A squad of three men was dispatched to make sure it wasn’t something more serious, and to fix the problem if possible.

The Bluff was on the western side of the Sierra Nevada Mountains in California, surrounded by pine trees and magnificent vistas. There were times during the summer when the nearby road was almost bumper-to-bumper with people from the lowlands out for an afternoon of communing with nature. Now, with the official start of winter quickly approaching, there were days when fewer than a dozen cars would drive by.

For that reason alone, it should have been surprising that a car had stopped at the Bluff’s front gate. Only this wasn’t the first time this particular car had done so. Lancer, the watch officer manning the security monitors, had witnessed the two previous stops himself.

As with the other trips, the same young couple climbed out of the car. Grabbing the woman’s hand, the man kissed her as he pulled her over to the gate. Then, as if reading off the same script they had played out nearly half a dozen times before, they looked beyond the metal pipe-framed gate and down the dirt road on the other side before climbing over.

Lancer selected the call button for his boss. “Adam and Eve are back, Mr. Briley.”

“You’ve got to be kidding me,” Briley said. “Send someone out again. Have whoever it is tell them next time we call the sheriff.”

“Yes, sir.”

For the past few visits, the Bluff had sent out the resident team to scare off the couple. The hope was that it might make them find some other place to fulfill their craving for a little outdoor sex.

The watch officer selected a different button. “Resident team, you’re up. Adam and Eve are back, and they’re waiting just for you.”

There was a chuckle in the reply. “Sullivan and Rawlings on the way.”

Sullivan and Rawlings would be dressed in civilian clothes as if they were out for a walk. They’d have Boomer with them, a beautiful black lab that could be friendly and playful one second, deadly the next.

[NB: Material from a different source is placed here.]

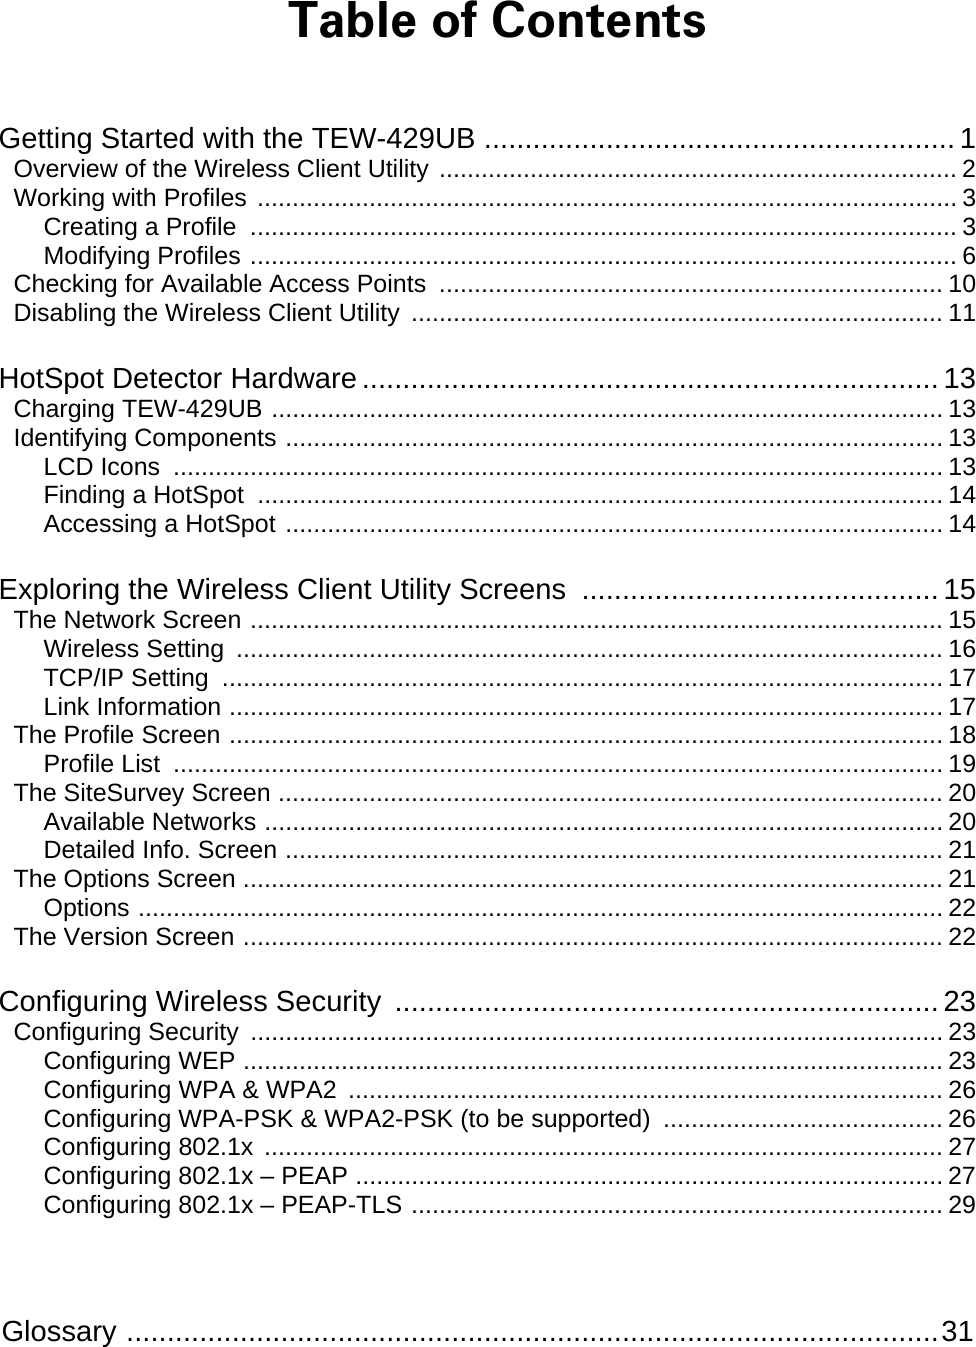  Glossary ....................................................................................................31 Table of Contents Getting Started with the TEW-429UB .......................................................... 1 Overview of the Wireless Client Utility .......................................................................... 2 Working with Profiles .................................................................................................... 3 Creating a Profile  ..................................................................................................... 3 Modifying Profiles ..................................................................................................... 6 Checking for Available Access Points  ........................................................................ 10 Disabling the Wireless Client Utility  ............................................................................ 11 HotSpot Detector Hardware ....................................................................... 13 Charging TEW-429UB ................................................................................................ 13 Identifying Components .............................................................................................. 13 LCD Icons .............................................................................................................. 13 Finding a HotSpot .................................................................................................. 14 Accessing a HotSpot .............................................................................................. 14 Exploring the Wireless Client Utility Screens  ............................................ 15 The Network Screen ................................................................................................... 15 Wireless Setting  ..................................................................................................... 16 TCP/IP Setting  ....................................................................................................... 17 Link Information ...................................................................................................... 17 The Profile Screen ...................................................................................................... 18 Profile List .............................................................................................................. 19 The SiteSurvey Screen ............................................................................................... 20 Available Networks ................................................................................................. 20 Detailed Info. Screen .............................................................................................. 21 The Options Screen .................................................................................................... 21 Options ................................................................................................................... 22 The Version Screen .................................................................................................... 22 Configuring Wireless Security  ................................................................... 23 Configuring Security ................................................................................................... 23 Configuring WEP .................................................................................................... 23 Configuring WPA &amp; WPA2 ..................................................................................... 26 Configuring WPA-PSK &amp; WPA2-PSK (to be supported) ........................................ 26 Configuring 802.1x ................................................................................................. 27 Configuring 802.1x – PEAP .................................................................................... 27 Configuring 802.1x – PEAP-TLS ............................................................................ 29

Lancer watched the intruding couple as they came down the road for about thirty feet, then, as they’d done each time before, turn into the woods. He smiled. With any luck, Sullivan and Rawlings might get a little show.

“What’s going on?” Murphy asked. He was working containment surveillance at a terminal two stations down.

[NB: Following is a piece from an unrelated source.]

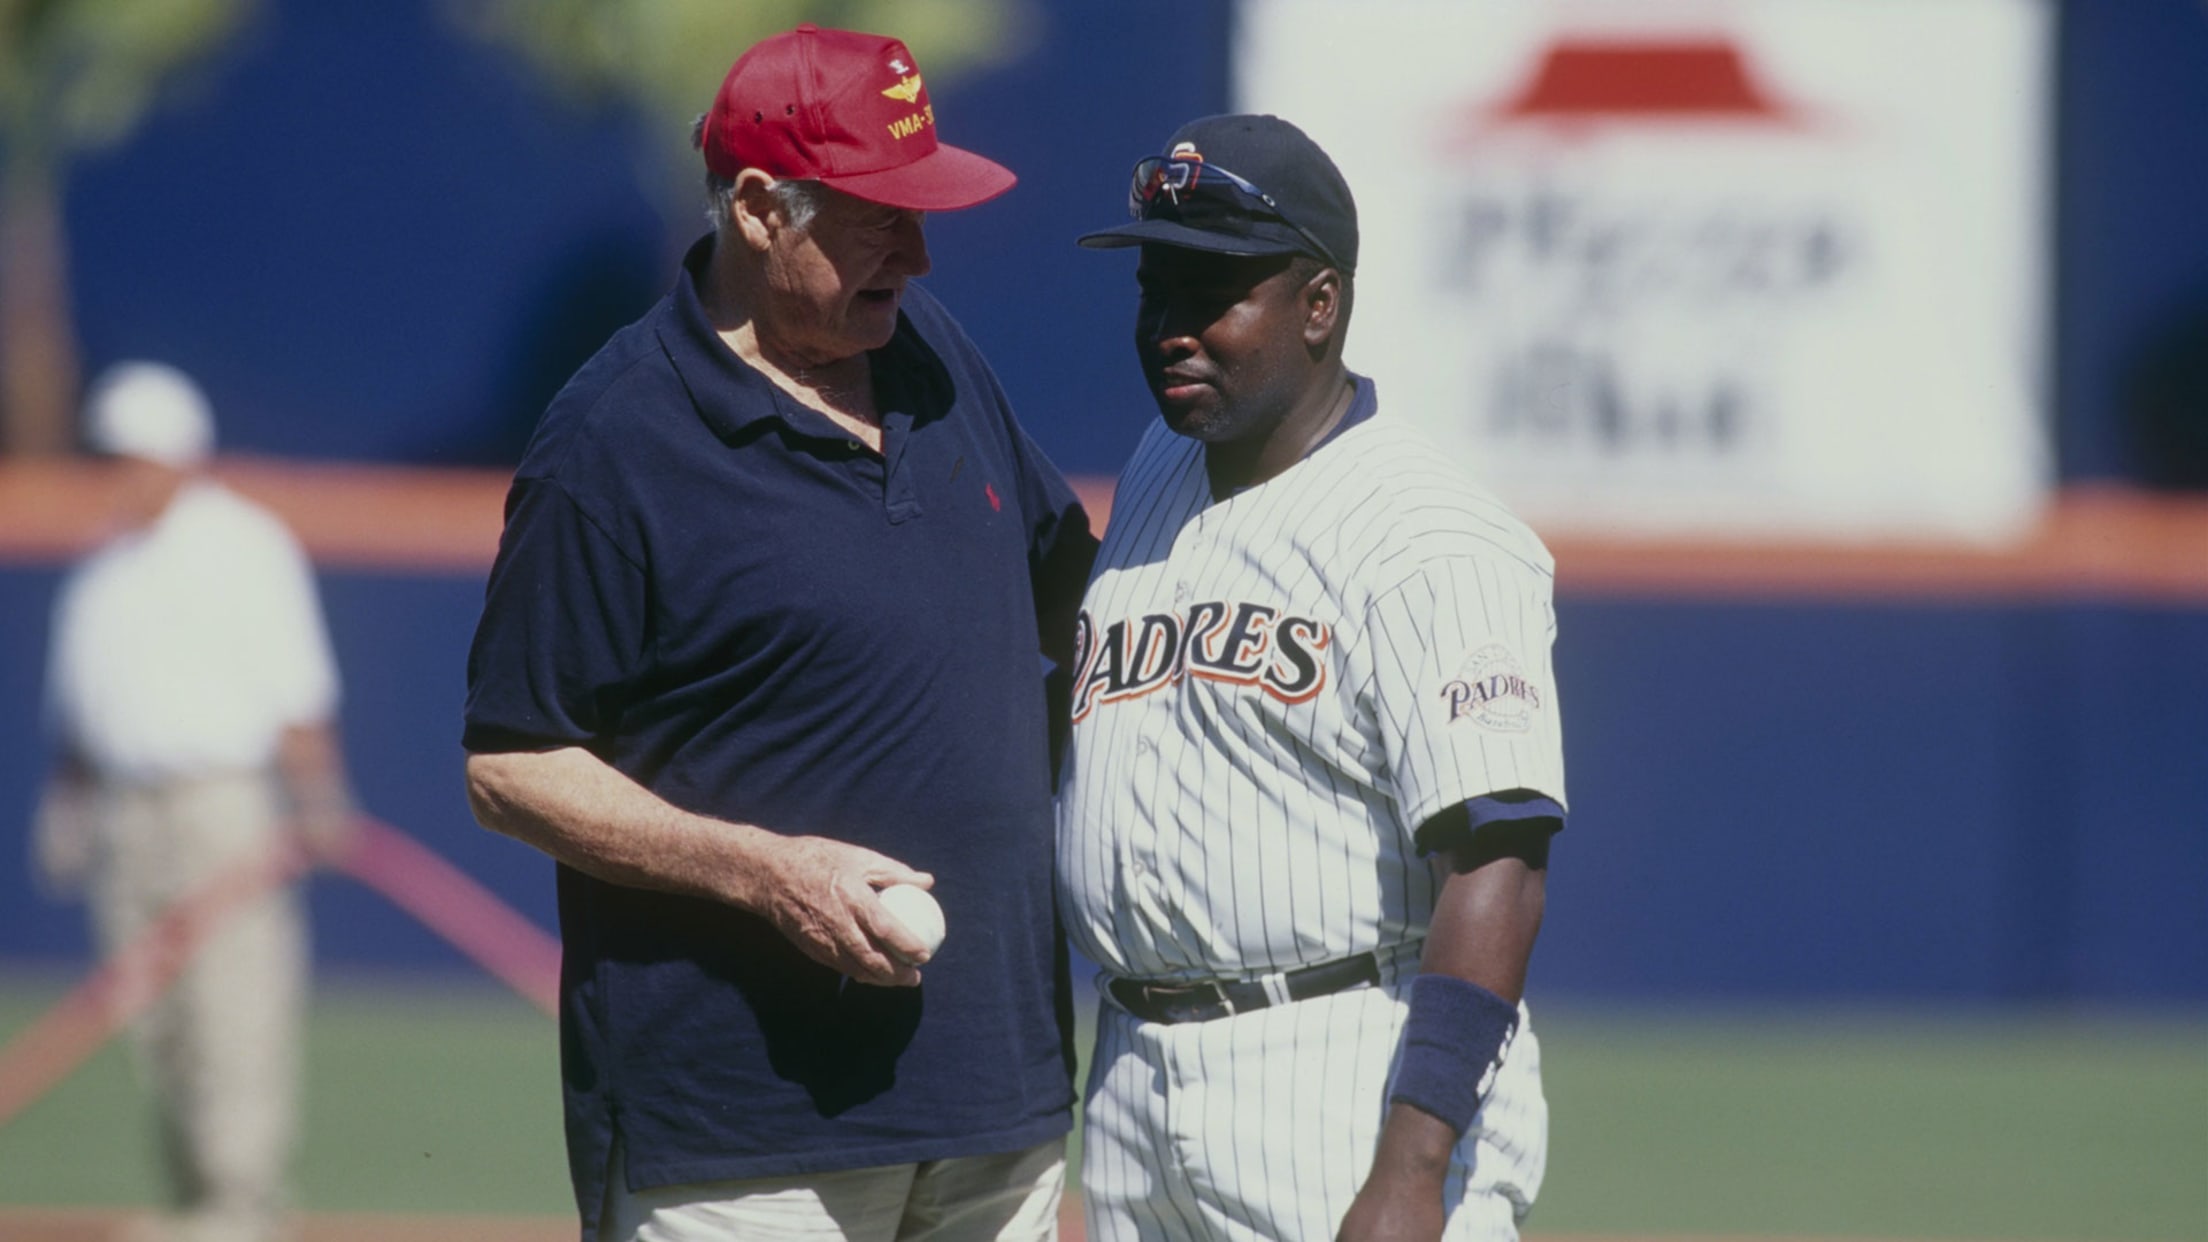 Tony Gwynn Jr. calls Padres game on anniversary of father's death

“Our exhibitionists are back,” Lancer said.

Murphy stood and walked over. “I’ve heard about them, but haven’t seen them yet.”

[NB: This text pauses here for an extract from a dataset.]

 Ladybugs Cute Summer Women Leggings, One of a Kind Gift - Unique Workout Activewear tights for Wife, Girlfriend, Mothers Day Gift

“Well, you can’t see them now. They’re off the road.”

“Damn. Seriously?”

“Yep. Went off right there.” The watch officer pointed between two trees on the right side of the screen.

“Couldn’t you just pan the inside gate camera over?”

The inside camera was mounted in a tree forty feet down the road from the entrance. “I’m not supposed to move it off the gate.”

“Come on. Just for a moment.”

“I can’t, and you know it.”

“Fine,” Murphy huffed, then brightened. “Maybe they’ll make a run for it before they can get dressed.”

“Fifty bucks says they don’t.”

“How about twenty?”

Lancer laughed. “Okay. Twenty.”

Together, the two men watched the monitor. After a minute, Sullivan and Rawlings appeared at the far end of the road.

“Talk us in,” Sullivan said over the radio.

“Forward another sixty feet, then go left,” Lancer instructed.